-------- Supplied information --------

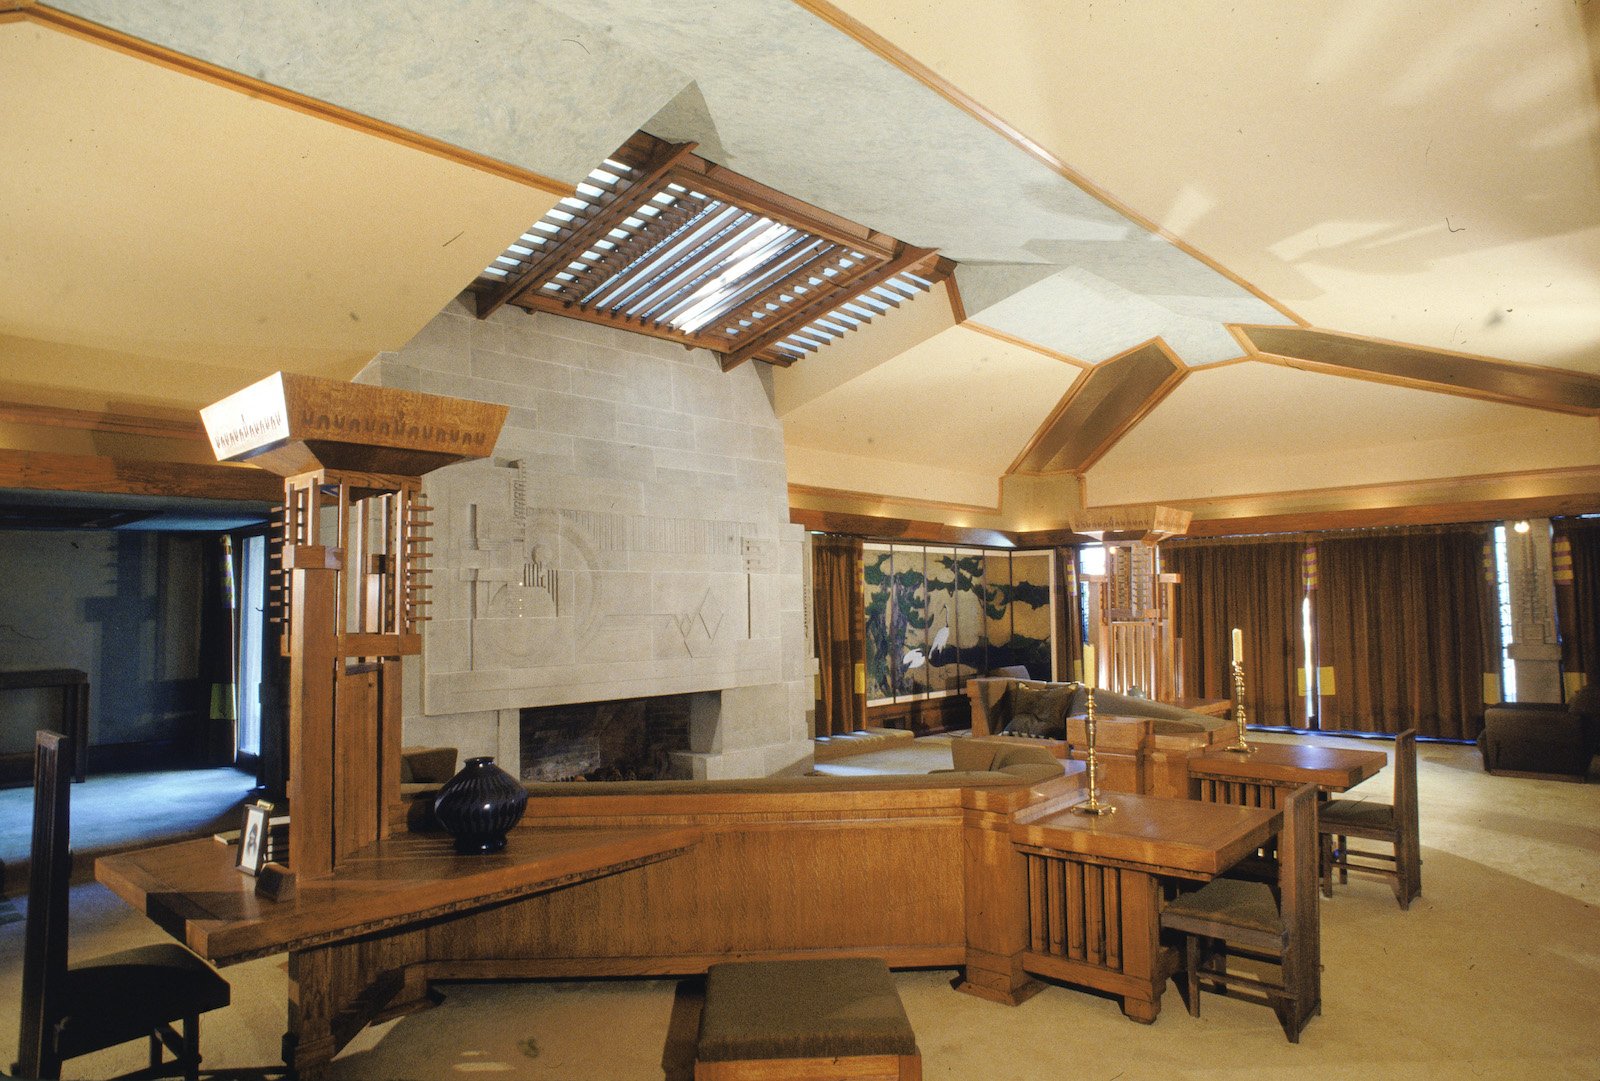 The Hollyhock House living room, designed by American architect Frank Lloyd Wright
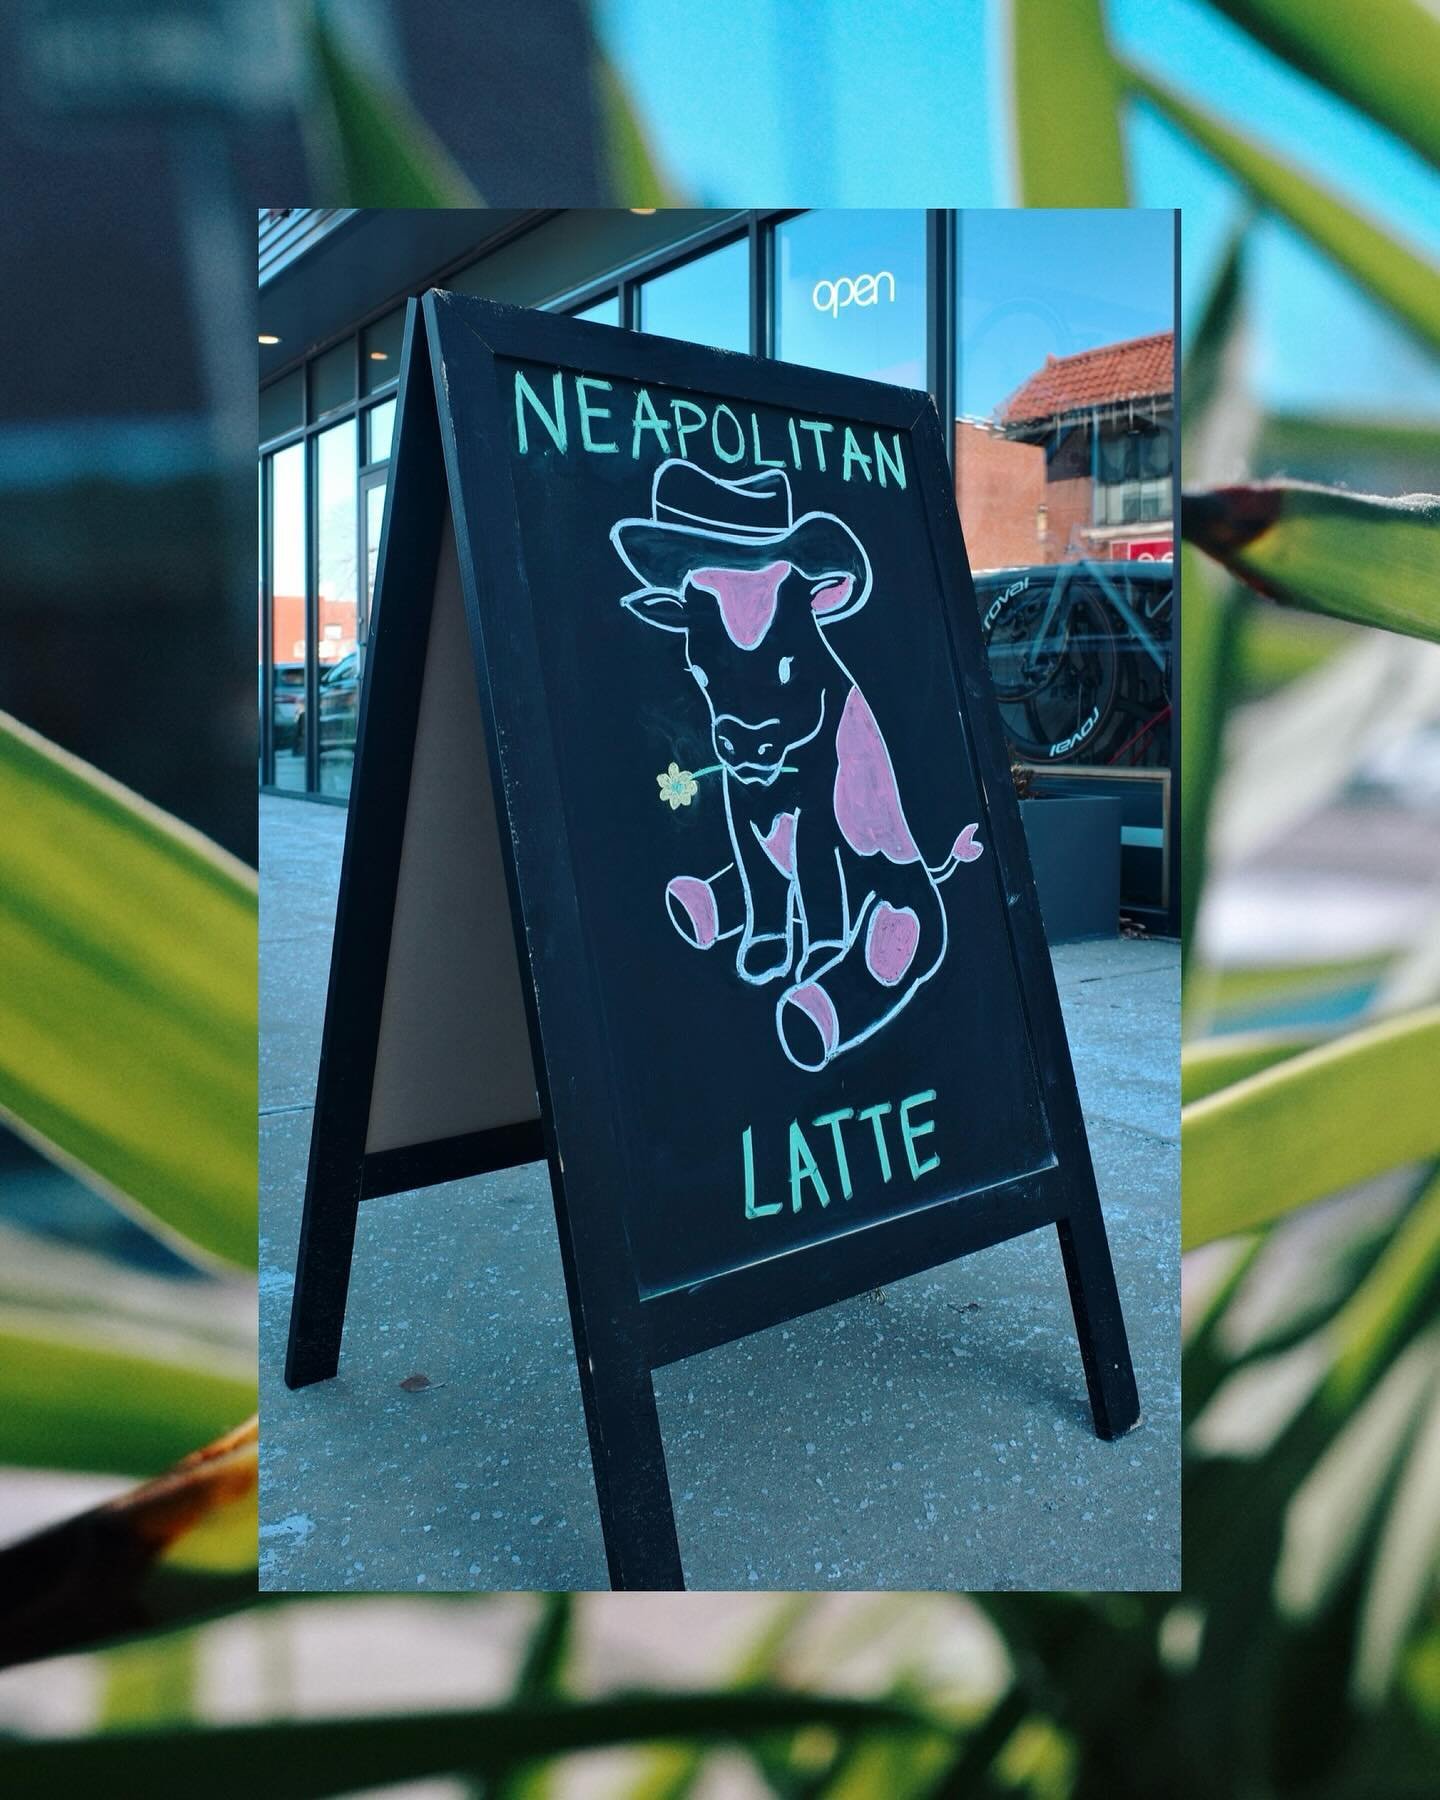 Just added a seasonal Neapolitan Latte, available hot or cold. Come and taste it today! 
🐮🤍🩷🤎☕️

--------

What to do: Repeat the listing in full and exactly. Do not include any images.

Task result:
 The Hollyhock House living room, designed by American architect Frank Lloyd Wright
 Just added a seasonal Neapolitan Latte, available hot or cold. Come and taste it today! 
🐮🤍🩷🤎☕️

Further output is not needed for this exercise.